Tra i grandi temi di ricerca emerge vigoroso il dibattito sull’incastellamento volto alla definizione dei moventi – e dei momenti – che hanno caratterizzato la nascita dei centri fortificati d’altura. Anche in questo caso il panorama si presenta a isole, persino all’interno di regioni unitarie.
Ricorderei, infine, il filone di ricerca socio-economico che riguarda lo studio della produzione e della circolazione dei manufatti, l’identificazione e la comprensione dei flussi commerciali a breve e lungo raggio, lo spostamento di saperi e maestranze legati alla realizzazione di “cultura materiale”.
Approcciare il tema del paesaggio e del popolamento altomedievale, nella diacronia, è avventurarsi in un terreno sconnesso, sebbene molto meno di qualche decennio fa, un territorio avvolto in certi casi da una leggera caligine, in altri da “nebbie padane”. Sull’argomento, ancora nel secondo ventennio del XXI secolo, non si riesce a lumeggiare una materia univoca, eppure non si tratta di supernove o di “materia oscura”.
Dopo una premessa simile come sarà possibile tenere fede al titolo, sontuoso, del contributo?

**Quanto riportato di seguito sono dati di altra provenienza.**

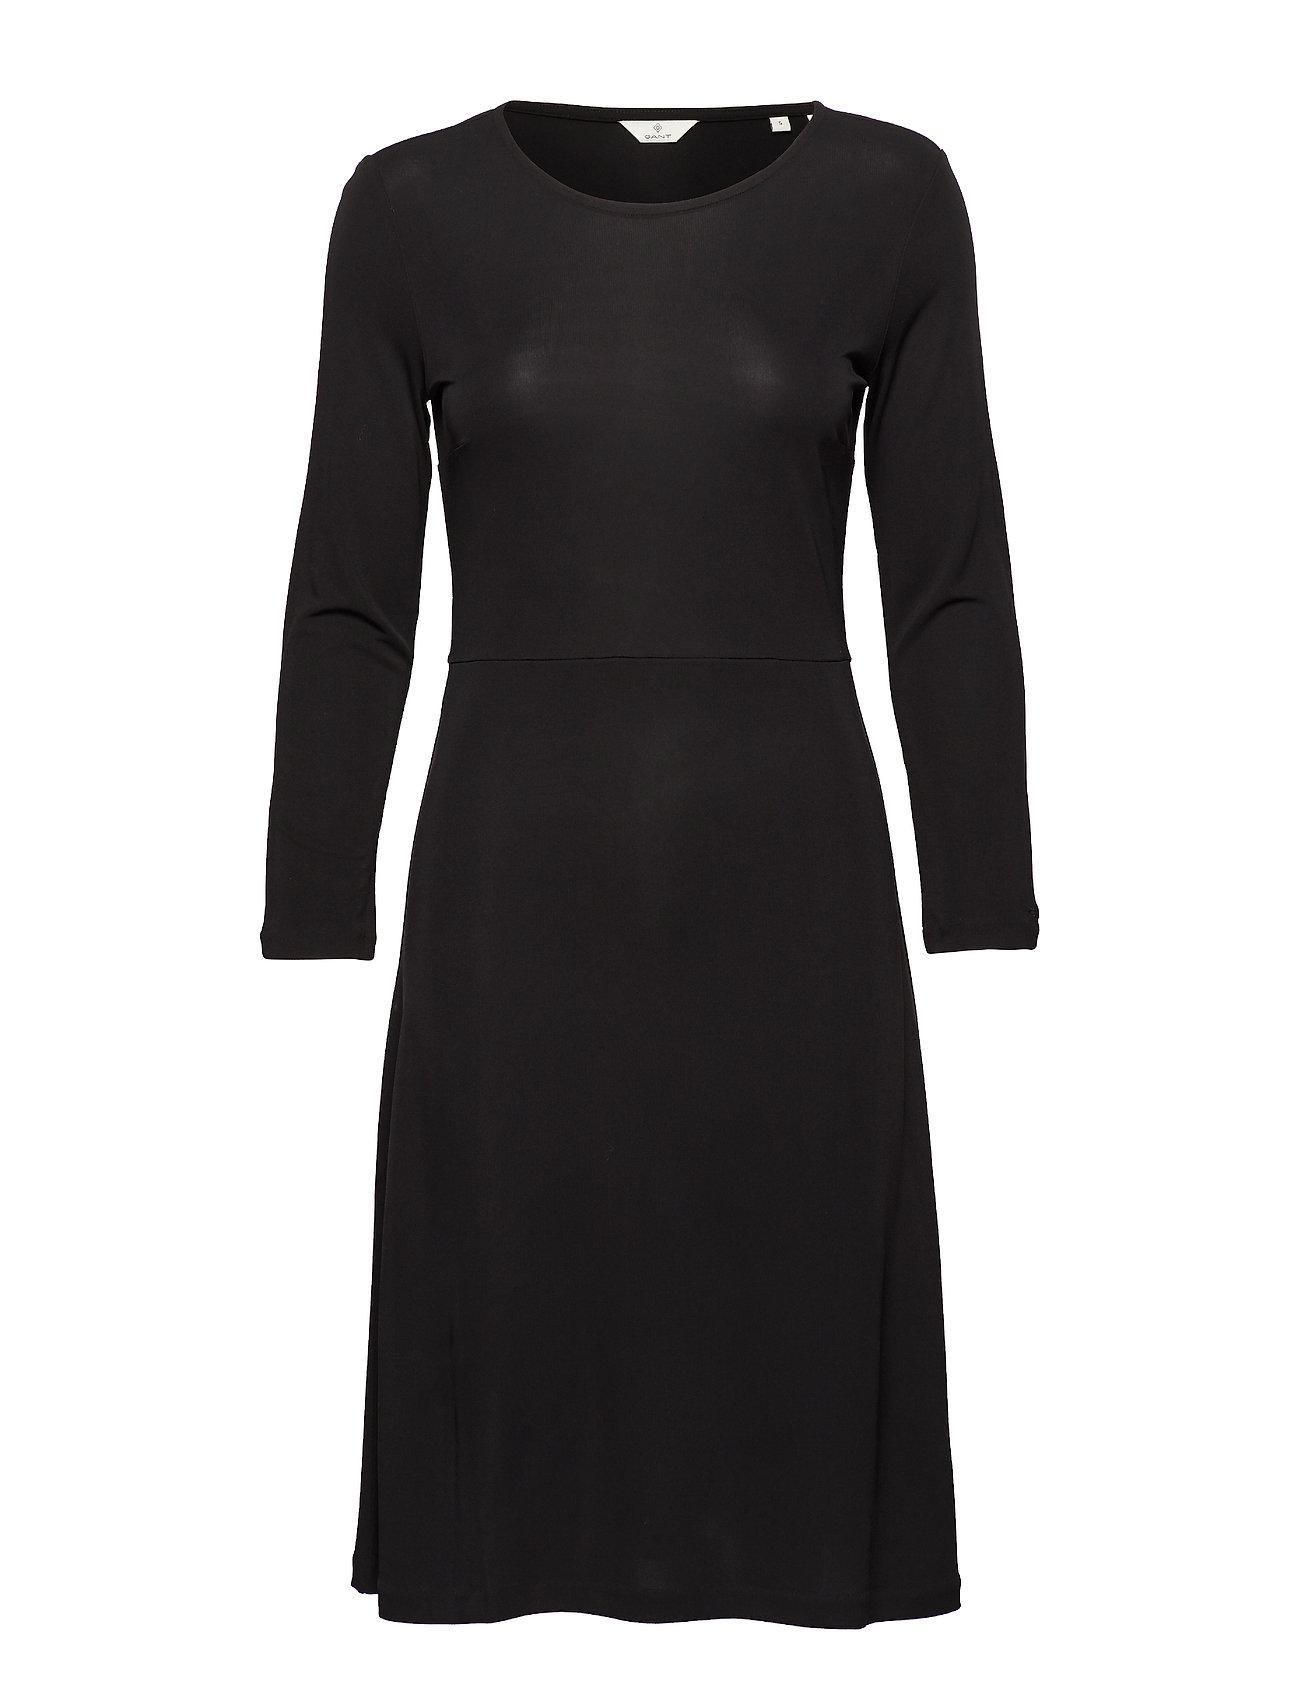 GANT G1. SOPHISTICATED DRESS - BLACK

Sarà la parola “uno sguardo”, spero, a salvare il salvabile. Ho preferito concentrarmi sull’alto Medioevo (476-999 d.C. per convenzione) presentando squarci di luce in una tenebra notevole, come fossero piccole lucerne che illuminano un’ora notturna, ma più prossima all’alba rispetto allo stato della ricerca di qualche decennio fa. Sul basso Medioevo (1000-1492 d.C., altra convenzione) la luce è accesa e le dinamiche sono evidenti, e conosciute, senza problemi di assenza di fonti dirette o dati di scavo e, dunque, lo tralascio.
Il Sole sorge verso l’anno 1000, al termine di una notte protrattasi dal V al VII secolo. Tra la fine dell’VIII e il X secolo collocherei, piuttosto, l’albeggiare.
Accendiamo le lucerne dell’archeologia e cerchiamo di distinguere spaccati rispondenti al vero sul paesaggio – e sulle forme di popolamento – della parte centro settentrionale della regione Marche durante quel frangente di Medioevo più impenetrabile e, per tutta conseguenza, più intrigante.